To do: All the lines below need to be transcribed exactly. Pictures get left out.
--- Data block ---
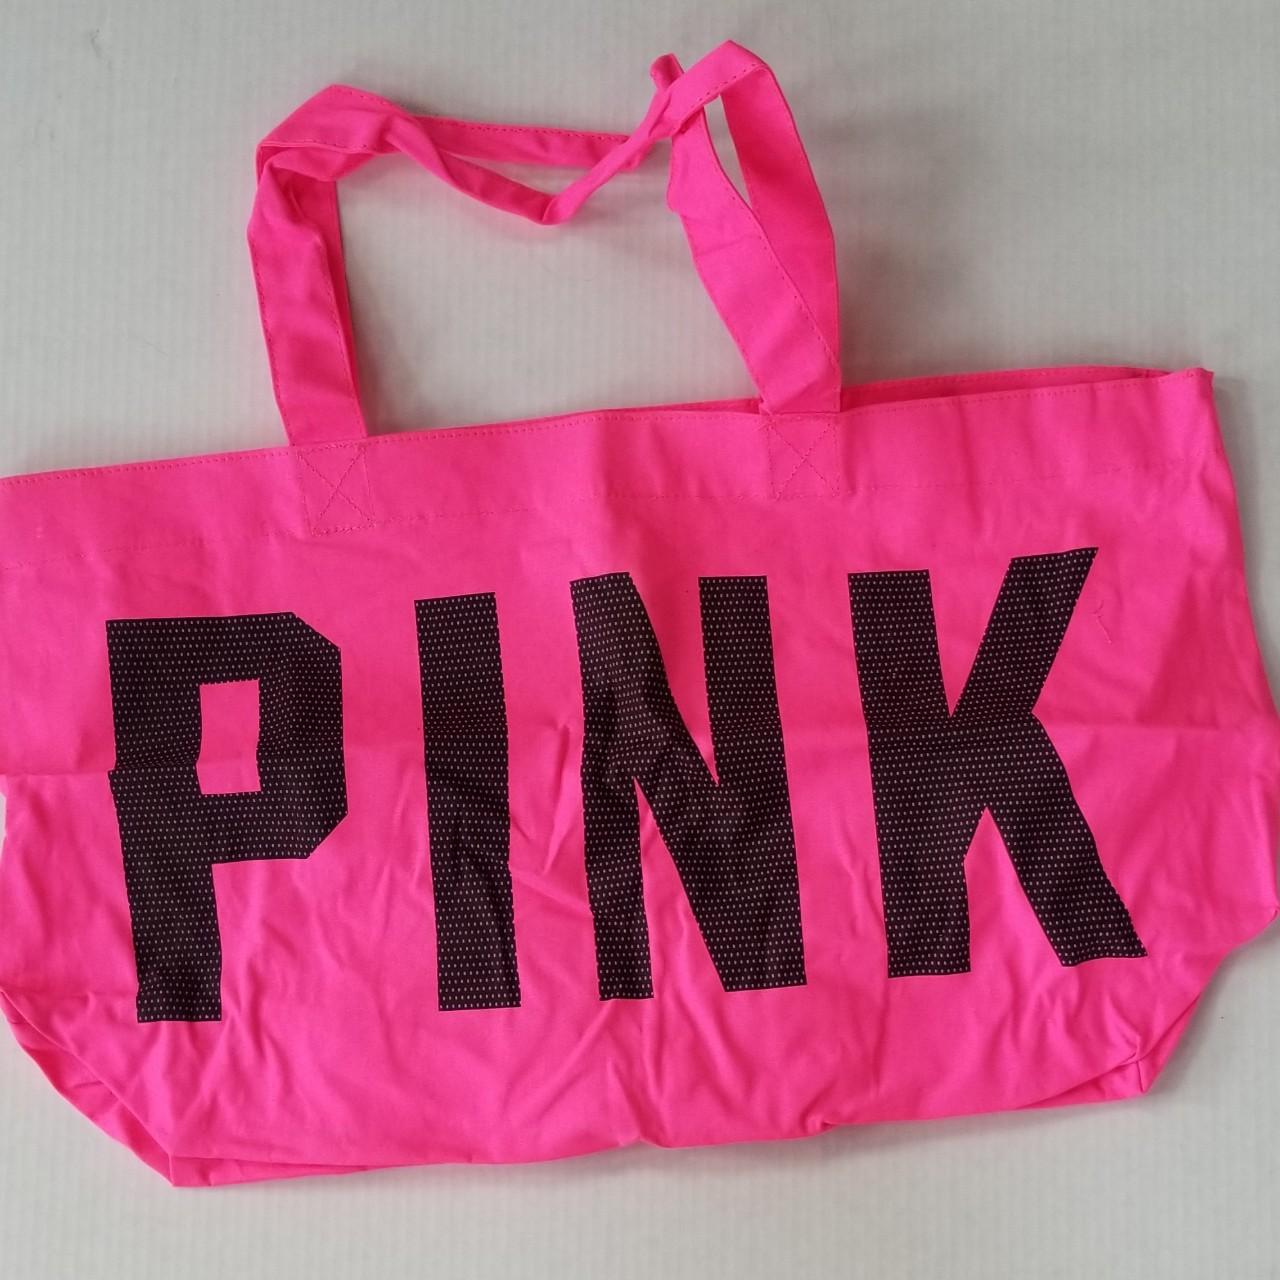 Victoria Secret Pink Tote Bag , Pink and black, New
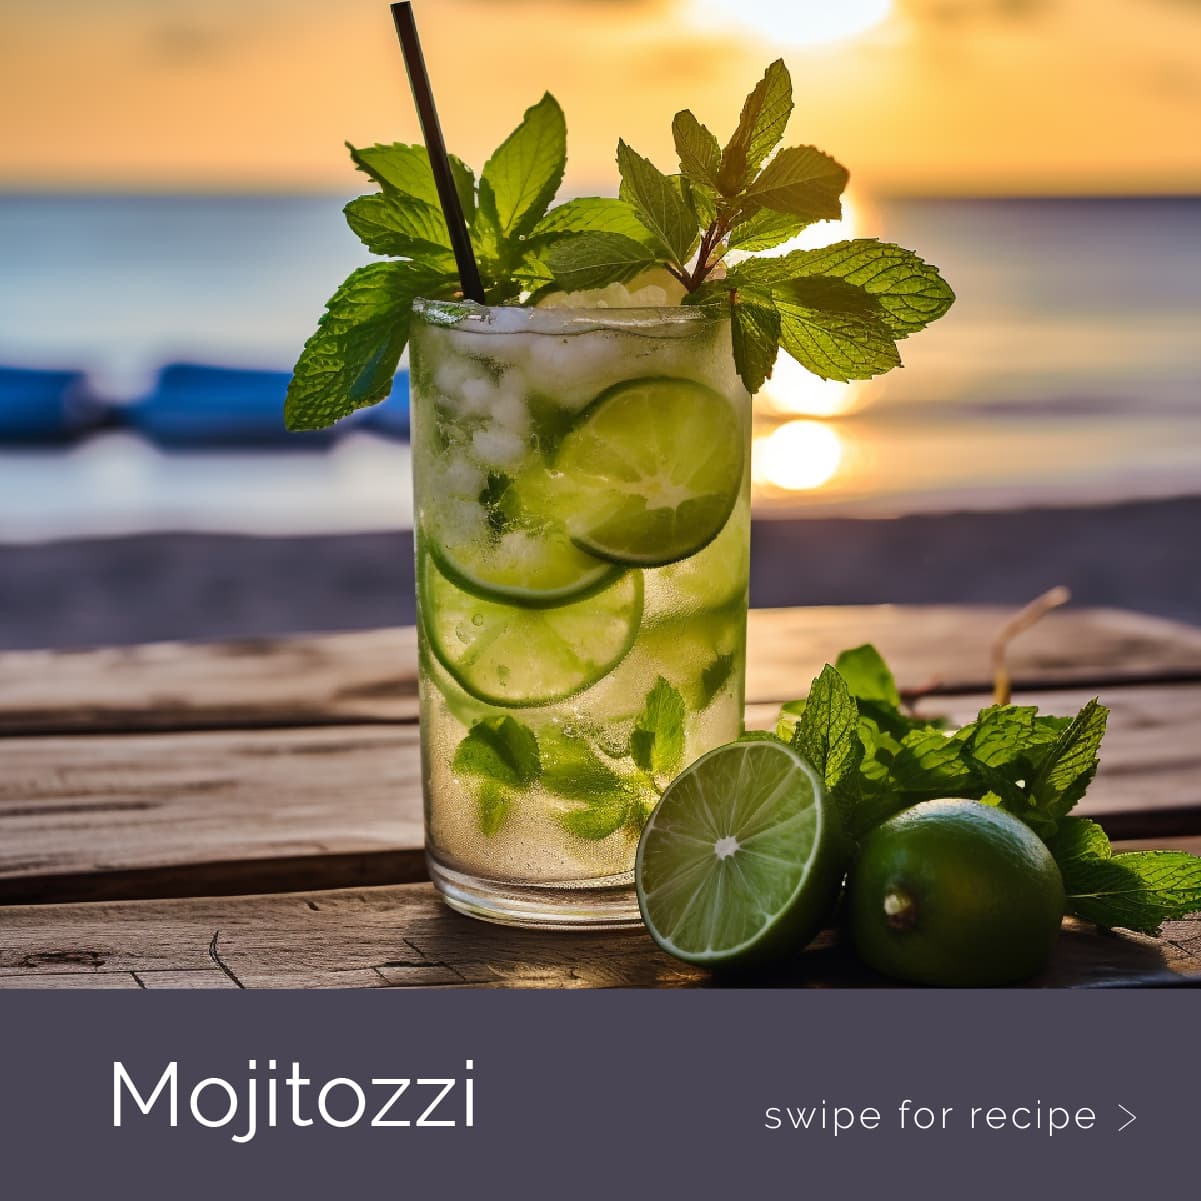 A Mojitozzi cocktail
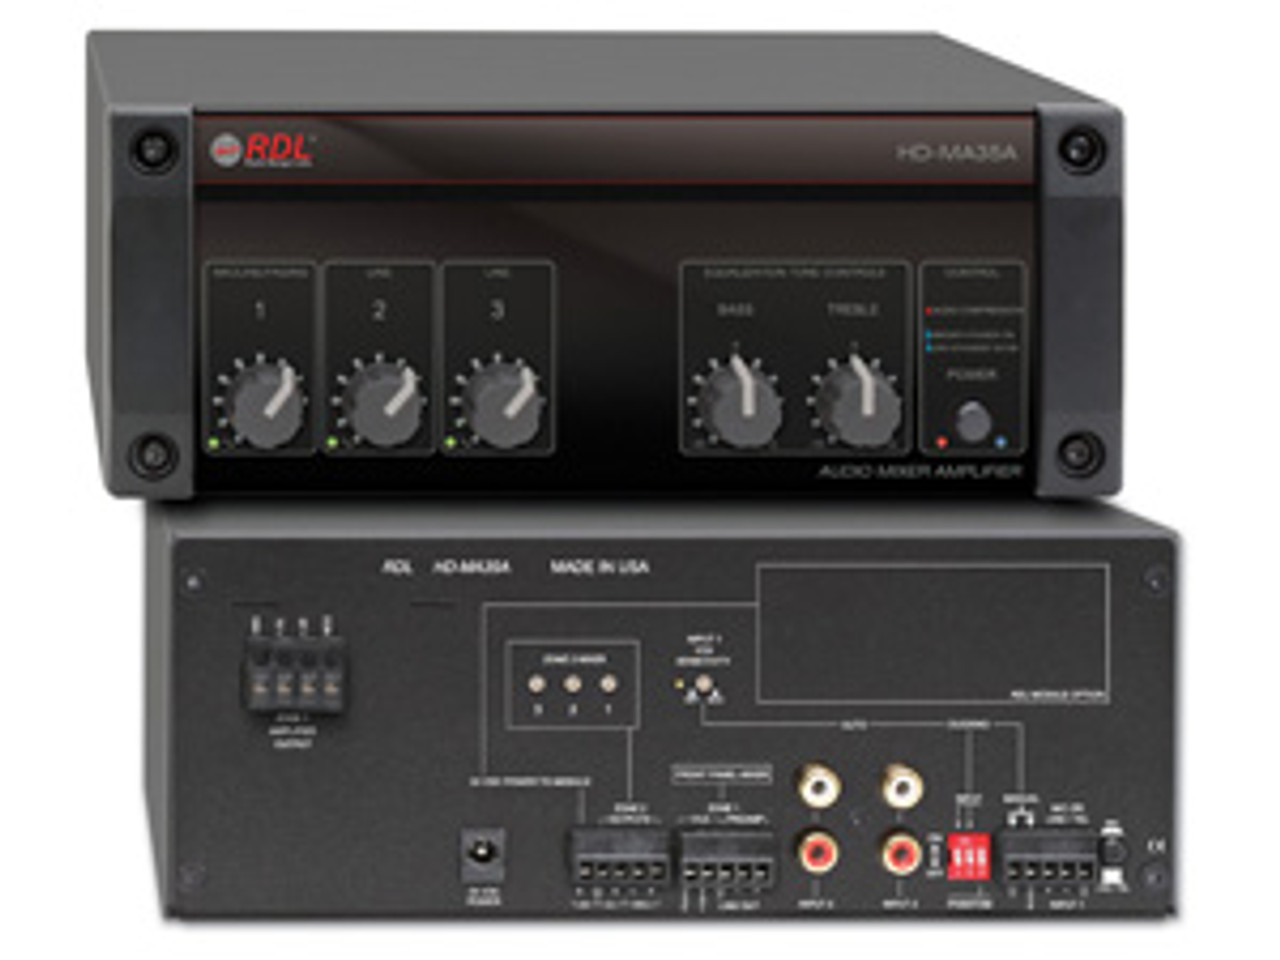 RDL HD-MA35A 35 Watt Mixer Amplifier with Power Supply (HD-MA35A)
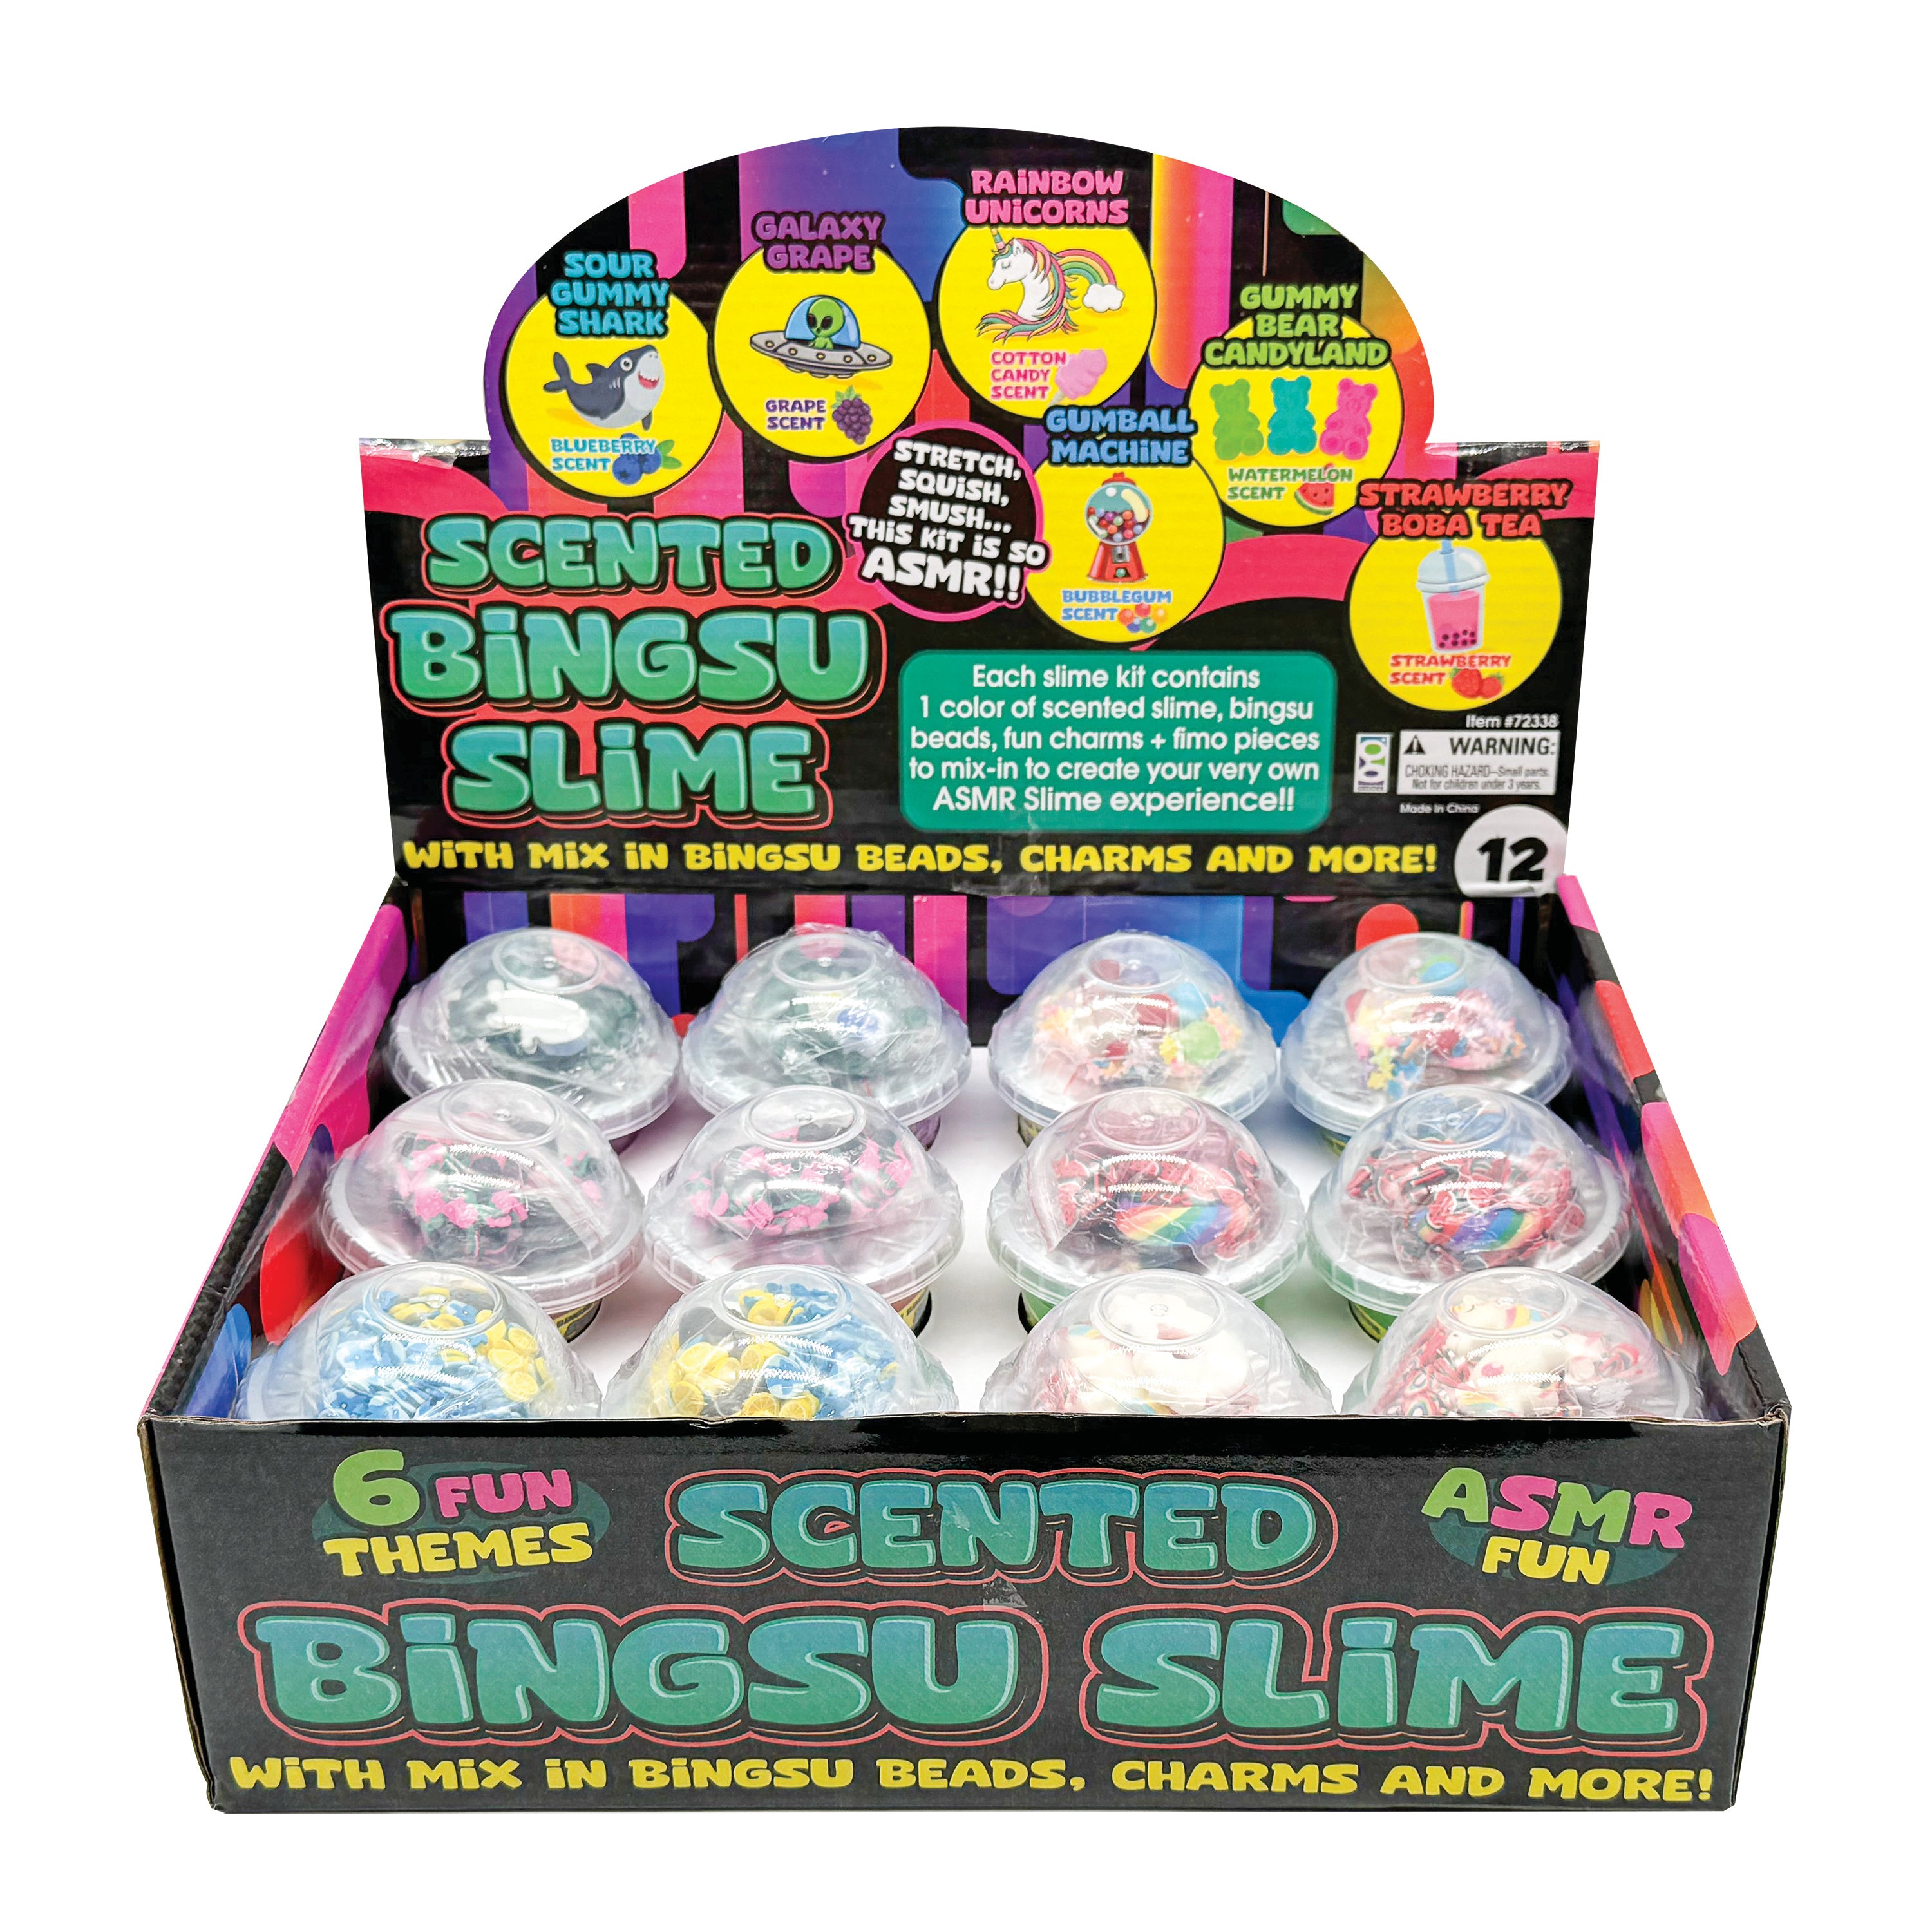 Scented Bingsu Slime
---
Reply:
 Victoria Secret Pink Tote Bag , Pink and black, New
 A Mojitozzi cocktail
 RDL HD-MA35A 35 Watt Mixer Amplifier with Power Supply (HD-MA35A)
 Scented Bingsu Slime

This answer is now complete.